Thanks again, really appreciate the adivce given how out of touch I am! My last AMD based build that I did would probably have been an athlon xp 3200+ one!
 
New things since my original spec:
- 4070 Ti
- i5-13500 & B760
- AM5 non-X CPUs

AM5 option:

AMD Ryzen 7 7700 Eight Core 5.30GHz (Socket AM5) Processor - Retail - £338.99
Asus TUF Gaming B650-Plus (Socket AM5) DDR5 ATX Motherboard - £219.95
TeamGroup Vulcan 32GB (2X16GB) DDR5 PC5-44800C36 5600MHz Dual Channel Kit - Black (FLBD532G5600HC36BDC01) - £139.99

Zotac GeForce RTX 4070Ti Trinity 12GB GDDR6X PCI-Express Graphics Card - £818.99

Phanteks Eclipse P600S Silent Midi Tower Case - Black - £139.99
Thermaltake Toughpower GEN5 GF3 1000W Fully Modular ATX 3.0 80 Plus Gold Power Supply - £199.99

WD Black SN770 2TB SSD M.2 2280 NVME PCI-E Gen4 Solid State Drive (WDS200T3X0E) - £149.99
WD Black SN850X 1TB SSD M.2 2280 NVME PCI-E Gen4 Solid State Drive with Heatsink (WDS100T2XHE) - £109.99

Grand Total: £2,132.58 (includes delivery charge of £14.70)

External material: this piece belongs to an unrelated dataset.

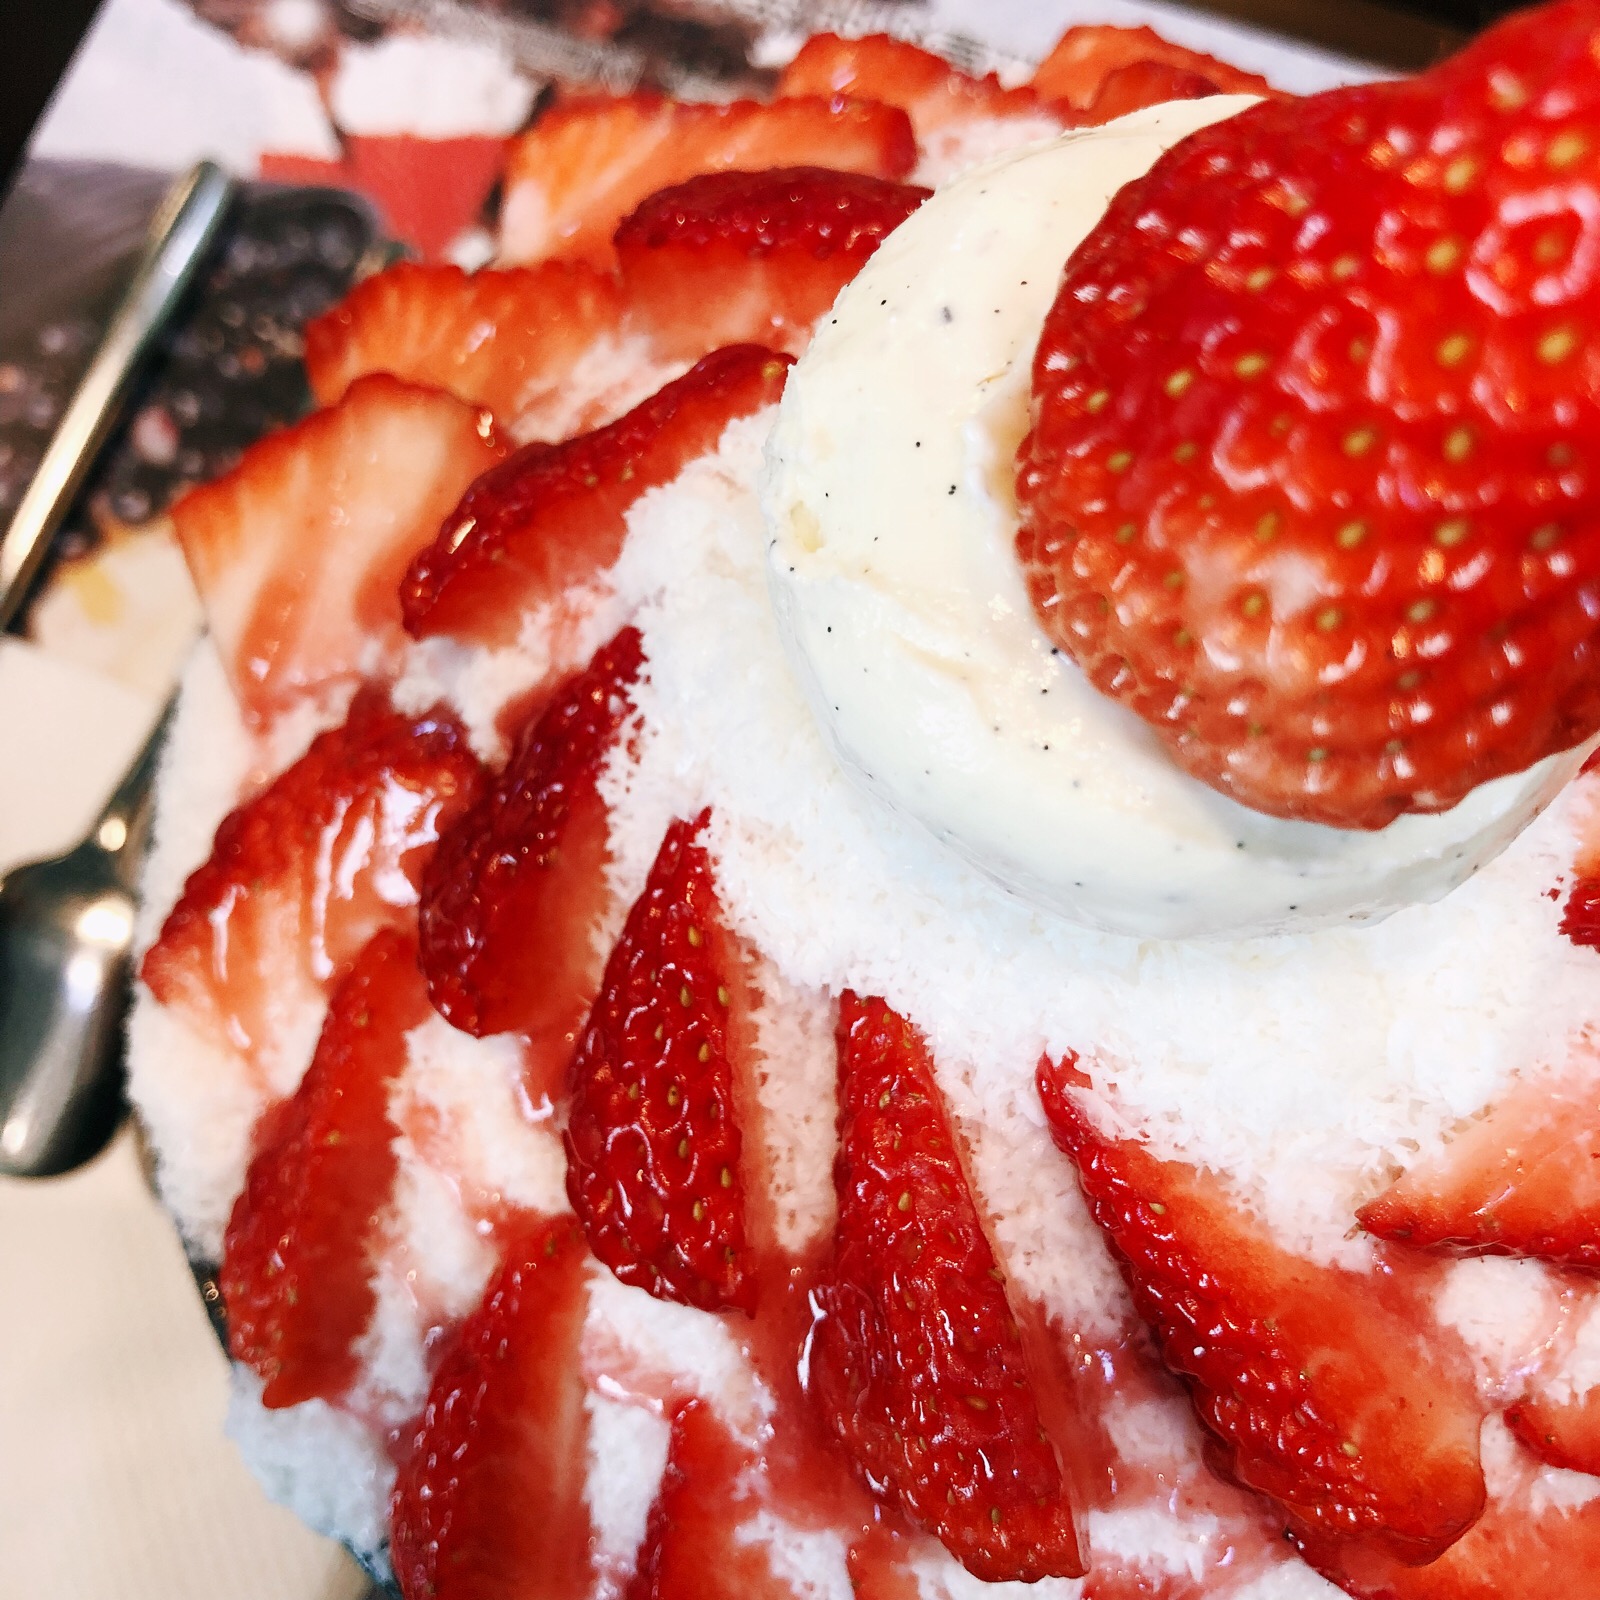 草莓牛奶冰不明海棠图片

With this cooler, which is available for £40 offsite.

Intel option:

same graphics, case, PSU & SSDs

* Intel Core i5-12600K 3.70GHz (Alder Lake) Socket LGA1700 Processor - OEM - £259.99 (* swap for i5-13500)
Gigabyte B760 GAMING X AX (LGA 1700) DDR5 ATX Motherboard - £200.00
Kingston FURY Beast 32GB (2x16GB) DDR5 PC5-48000C40 6000MHz Dual Channel Kit - £169.99

Arctic Liquid Freezer II High Performance CPU Water Cooler - 360mm - £119.99

Grand Total: £2,183.62 (includes delivery charge of £14.70)

I think those CPUs (Ryzen 7 7700 and i5-13500) give a good balance of gaming, single-thread and multi-threaded performance. Review for i5-13500 (here) and 7700 non-X (here or here).

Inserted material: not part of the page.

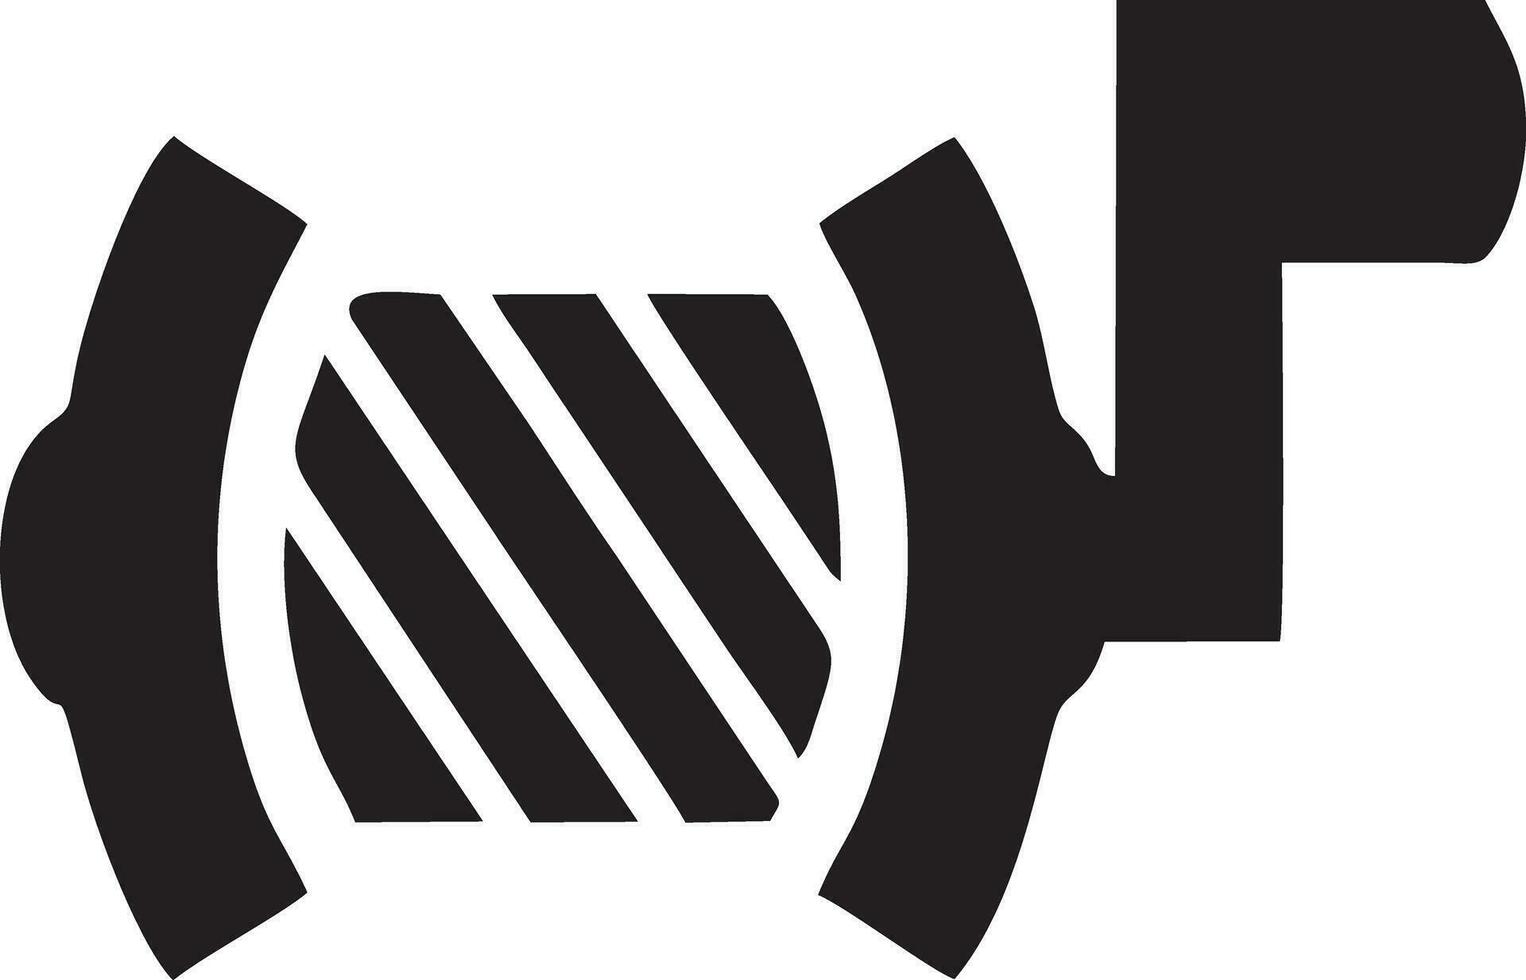 Fisch Haken Logo Symbol schwarz und Weiß vektor

A decent air cooler would be fine for the i5-13500, but the case will fit that AIO if you want it.
 
Thanks very much for the follow up reply. Is the recommended swap over to the 4070Ti mainly over the DLSS3 and reduction in cost? Most of the reviews I've checked out have them running quite close or running _slightly_ behind, otherwise pretty close. The review for the 7700 linked was interesting reading (or listening), wasn't overly positive at its positioning in the market, the i5-13500 seems like a great CPU for the money though. As it has been another month or so since the original, I can push budget up to 2.5k if that makes much difference (given that one of the reviews says about the 7700 being only slightly cheaper than better AMD offerings). I am really not fussed either way from a 'brand' point of view (intel vs amd or nvidia vs..amd). Was the cooler switch on the AM5 build because I said about not using AIO before? I am more than happy to get an AIO if they offer better noise vs. cooling! Thanks again.
 
Is the recommended swap over to the 4070Ti mainly over the DLSS3 and reduction in cost?

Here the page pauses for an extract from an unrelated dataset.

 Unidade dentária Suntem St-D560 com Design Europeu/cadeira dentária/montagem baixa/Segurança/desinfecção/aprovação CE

Yes. From my understanding, the 4070 Ti is a strong (enough) 1440p card * and it is generally better to have nvidia in semi-workstation builds anyway, because of superior driver support.

The reduction in cost enabled an upgrade to an 8 core CPU and I see the 7700 or 7700X as a good all-rounder (strong single-thread, multi-thread & gaming, just like the i5-13500). The 7600 or 7600X, on the other hand, have weak multi-thread performance (especially compared to the i5-13500 or i5-13600K) and given your usage, I didn't think this was ideal. GN seemed to like the 7900 non-X a lot and I agree is a great CPU for a workstation, but I think it would be overkill for your needs and is £100 more expensive. If you think you'll actually use the cores, then it could be £100 well spent, it just sounded like you won't be needing them very often.

If you have the budget for it, then with the Intel build I'd consider going for a 13700 non-K, mainly to move away from only having 6 P-cores (for the longer-term), haven't seen any reviews on it yet though.

The cooler: yeah, just to make a suggestion if you prefer not to have one, but that cooler reviews very well and I'm confident it can handle a 7600 or 7700 non-X.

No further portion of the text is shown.